For most the pull of Jordan comes from the chance to witness ancient Petra or to experience desert life in Wadi Rum – but the cuisine here should also play a part. Aside from chickpea-packed goodies like hummus and falafel and meaty morsels such as shish kebabs and shawarma, you have to try mansaf. Known as the national dish of Jordan, mansaf offers up a hearty meal of rice, slow-cooked lamb and jameed (a fermented yoghurt sauce) – simply delicious! Even though 90 percent of Jordanians are Muslim, drinking alcohol in moderation is widely accepted. You’ll find beer and wine is often listed on hotel and restaurant menus, and there are even a few bars in popular tourist spots and some of the big cities, especially those with a significant Christian contingent. But, if you’re looking to avoid the booze altogether, limonana is a zingy alternative made from lemon, spearmint, ice and sugar. This might surprise you but the tap water in Jordan is generally considered safe to drink. However, when travelling on a shorter trip it’s probably better to play it safe and stick to bottled water to avoid a sensitive stomach putting a dampener on your adventure.


7. Tipping

Tipping is not included in our tour price as it is something for our guests to choose whether to give or not.
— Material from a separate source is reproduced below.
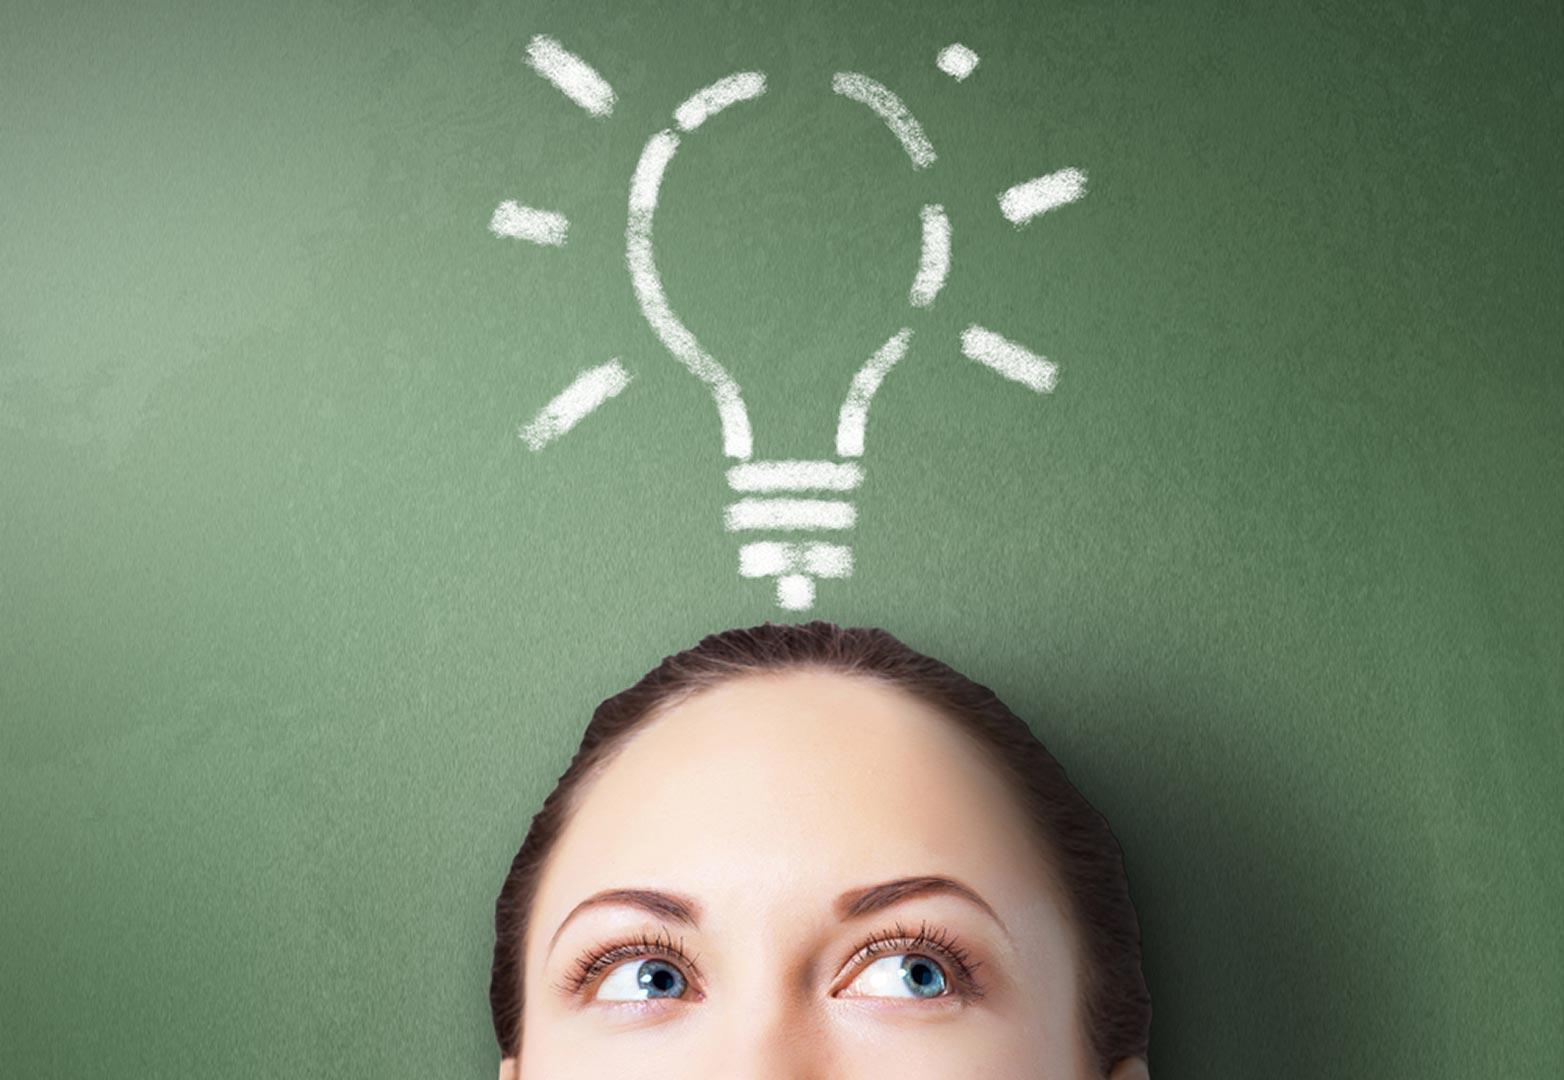 Innovazione aperta, l' idea giusta dove meno te lo aspetti

Tipping is something traditional in Egypt that foreigners are used to doing for a very long time as long as they are receiving satisfactory services from the others whether they are drivers, waiters, porters, guides, etc. So in case, you found that you are receiving valuable services while being in Egypt, feel free to give gratuities to whomever you want at any time with no specific amount of money to be given, it is all about you and what you want to give.


8. Dress Code

As was previously mentioned, Jordan is a predominantly Muslim country and so dressing conservatively acts as a sign of cultural respect. Shoulders and knees should be covered at the very least, and midriffs or cleavage should never be on show. Remember to dress particularly modestly when visiting sites of religious significance or else you may be denied entry. Yes, Jordan is always warm, but you’ll soon discover that covering up with loose, lightweight and long clothing is not only a great way to keep cool but also to stay protected from the sun. If you’re going to be outside for large portions of the day, a sun hat wouldn’t go amiss either.


9. Cultural etiquette

Jordanians are very welcoming, so expect to be greeted warmly with an animated handshake and a barrage of questions. Coming from countries where strangers tend to stay that way, it’s often easy to be skeptical of such friendliness but trust that this is genuine curiosity and avoid being dismissive. Don’t be surprised if you’ve been invited to tea countless times and even for a full-blown meal at someone’s house by the time your trip comes to a close. Certain parts of the country and Wadi Rum, in particular, are also heavily influenced by Bedouin culture. Amongst these nomadic folk, hospitality is thought of as an honor and a duty. As a guest, you can expect to be totally absorbed into the household by your host and treated as one of the family.